The Mandatory World Tour (renamed The Return of the Mandatory World Tour in later legs) was the 12th concert tour by American recording artist, "Weird Al" Yankovic. Launched in 2015, the tour supports the singer's 14th studio album, Mandatory Fun (2014). Running for two years, the tour played nearly 200 shows in North America, Europe and Australasia.

== Background ==
Yankovic announced the tour in January 2015 via his Twitter account. The tweet featured a 30-second ad, styled as a propaganda film, calling the show, "the greatest musical spectacle ever seen". The tour predominately played in the United States, with a handful of dates in Canada, Europe, Australia and New Zealand. Along with standalone gigs, Yankovic also played music festivals, state and county fairs. At the end of 2015, the tour placed 122nd on Pollstar's annual year end list, earning 8.2 million. In 2016, the singer added additional shows marked as the "Return of the Mandatory World Tour". Yankovic remarked many fans were upset that he didn't play certain territories, stating: "They forgot the show was mandatory". The shows in 2016 placed 159th on Pollstar's annual year end list, making $7.1 million, bringing the total earned to $15.3 million.

==Critical reception==
Along with its commercial success, the tour received praise from critics and spectators of the concerts.

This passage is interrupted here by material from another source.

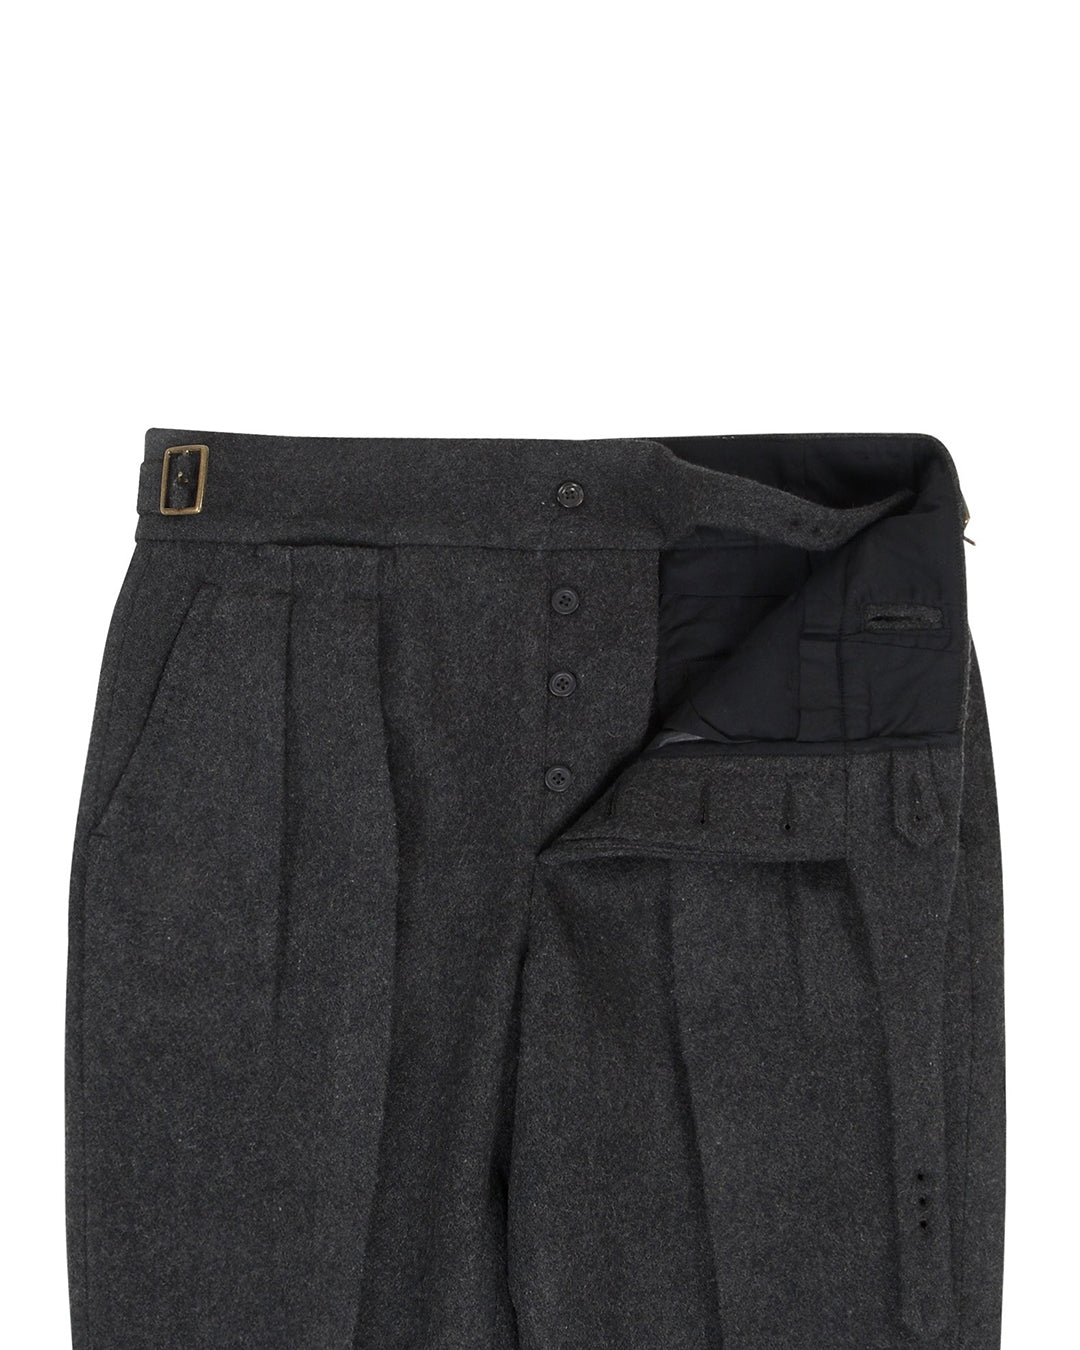 Dobell Black 100% Wool Tuxedo Pants | Dobell

In Cary, David Menconi (The News & Observer) stated Yankovic makes being funny look easy. He says: "People still turn out for Yankovic because he's incredibly skilled at crafting cultural time-capsules starring himself. He's also about the last word in appealing adolescent silliness; my 16-year-old son came along, and he loved it."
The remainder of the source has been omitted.